We started to head towards Ephesus in hopes of finding ourselves a taxi along the way.  About 20 minutes into our walk we found a taxi station where we were able to negotiate a ride to St Mary’s House and Ephesus for less than $50.  The road was windy in an uphill swerve.  I was a little worried that I might get car sick but we made it to our destination before it became a problem.

All the websites and guidebooks I read mentioned that St Mary’s was overrated.  My whole thinking was that it would be silly of me not to check it out since I traveled halfway around the world.  Really, what was another 5 kilometers?  Ummm…I guess I didn’t delve too much into the history of why they thought The Virgin Mary lived there.  It was based on visions that an invalid German woman had.

Further, the original structure was no longer there, a new[er] building in its place.  WHAT???!!! Seriously??  And yet there’s this line of people [me included] waiting to shuffle through an empty building, the entire length of the shotgun home taking no more than 30 seconds to cross through.

I left there with a sense of …nothing.  No deeper emotions, no sense of awe, no sense of inspiration.  I was let down.  I felt a wee bit foolish.

We got back into the cab and headed towards Ephesus, hopeful that the ancient structures would fill us with a sense of awe.  I wondered if I’d have a sense of being an Ephesian, strolling the promenade, imagining what it was like as a port city [The water has receded about 3 miles or 5 km from Ephesus].

Ephesus was not exactly what I expected.  I had a hard time imagining Ephesians strolling through the Promenade when it was being over run by cruise ship tourists.  I had a hard time imagining what the structures looked like when it was first built because the columns and structures that were currently displayed were proportionately bizarre [see above photo – I’m not sure what that’s supposed to be]. There were pockets of beauty like the first image on this post. The Library, the 2 story building pictured in the distance, is a spectacular work of art.

The detail work on the Library [pictured above] was impressive.  These are the type of structures that I could spend hours looking at. I got a crick in my neck trying to figure out how they placed each of the beams, tiles, stones into place.  It was crumbling but still gorgeous.  Even more interesting was the Terraced Houses that are being restored.

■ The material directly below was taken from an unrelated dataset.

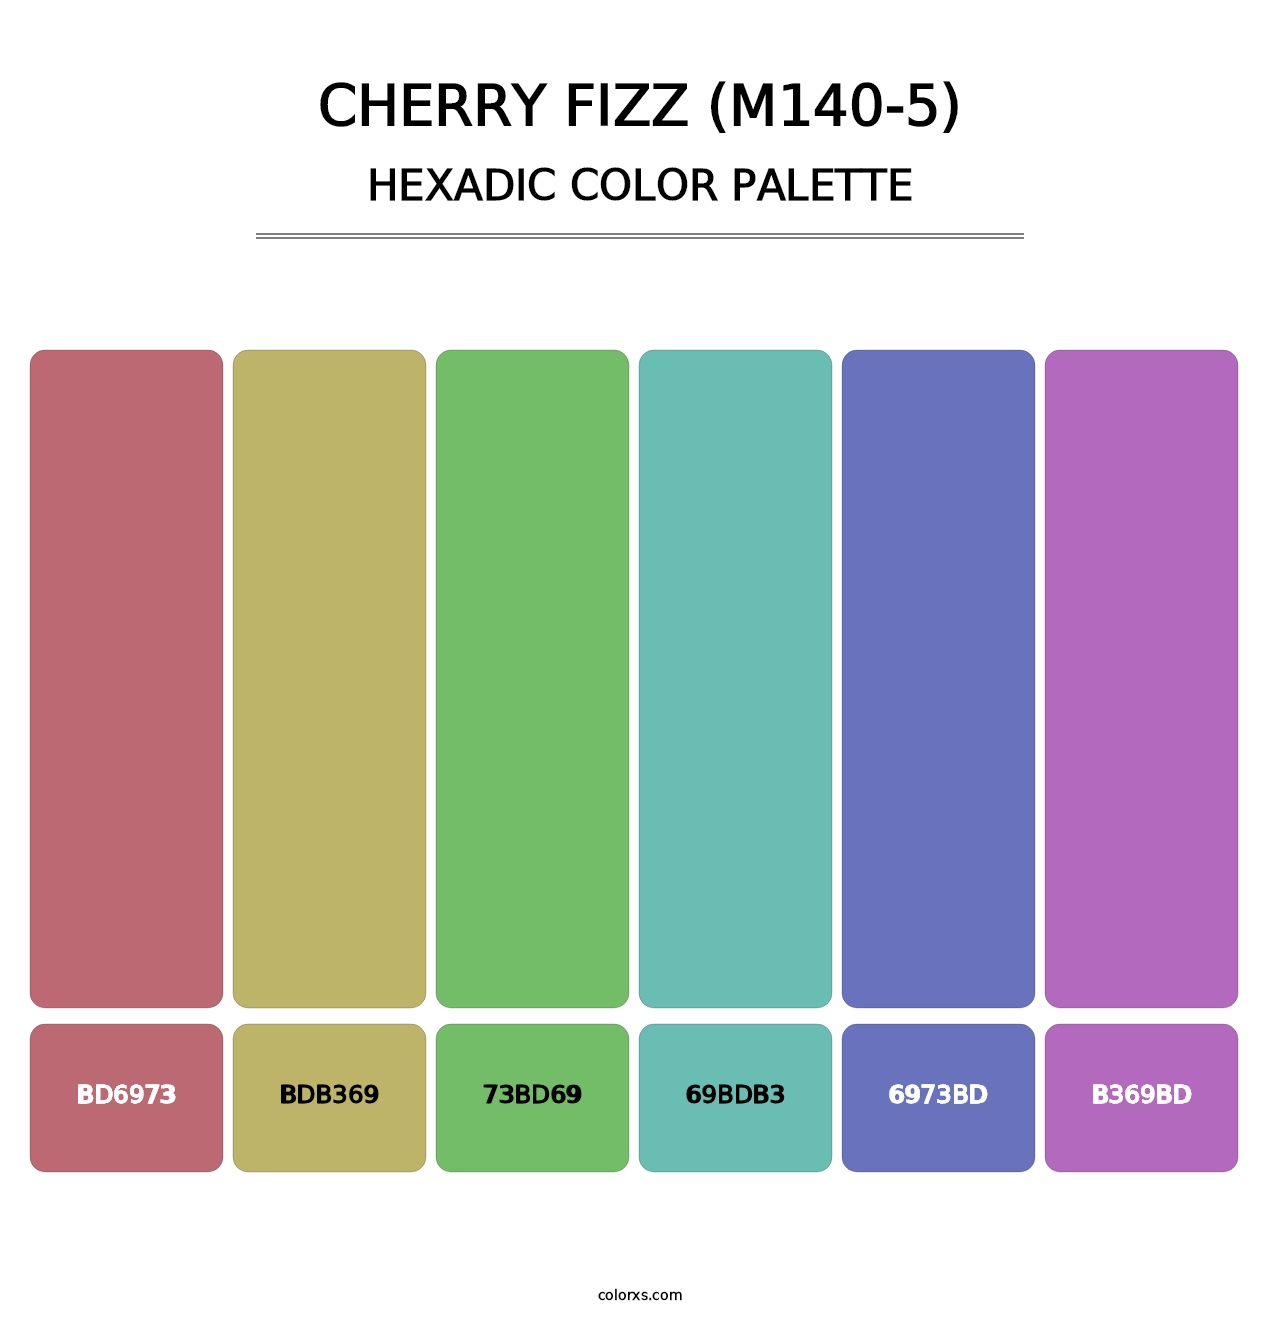 Cherry Fizz (M140-5) - Hexadic Color Palette

I don’t know what kind of paint they used but I want it.  The fact that you could still see even a HINT of paint after all those centuries is amazing.  I would never have to paint again. Even more amazing was this guy below who was putting the tile pieces back together.  I don’t think I’d be able to survive that job.  I always wanted to cut my puzzle pieces to fit into the puzzles when I was a kid.  I was a very lazy kid.

Over all, I was a little disappointed with my trip to Ephesus.  Perhaps I was being unrealistic.  Perhaps it was the crowds, or the odd mishmash groupings of columns and edifices, or the apparent lack of protection from hands [and feet] of the remaining ruins.  Whatever it was, I didn’t feel that sense of awe that I thought I should have felt.  A little let down, we headed away from the crowds and in search of a meal.

Kebab House was our destination.  Part restaurant, part carpet sellers [seriously, they kept trying to sell me carpets], the proprietors were warm and welcoming, asking us where we came from and where we were going.  This was my first “real” meal of my trip to Turkey.  I hate tomatoes.  I mean, I want to love tomatoes but my body just rejects the acidity in the tomatoes and makes me want to spit it out as soon as it touches my tongue. Regardless, I will try it every single time [I know I’m ridiculous]. When I saw the beautiful color of the tomatoes [this really is how red they were!!], I had to try it.  These tomatoes were perfect. I continued to eat tomatoes all through Turkey.

This meal revived my tired spirits.  It made me remember why I was here, to experience everything about traveling – the highs, the lows…and somewhere in between. I remembered that traveling isn’t only about seeing famous sights or my own prejudiced expectations, it’s also about the small things – the human interactions, the tastes, the smells, the sounds, and the unfamiliar experiences of being outside of my familiar day to day life.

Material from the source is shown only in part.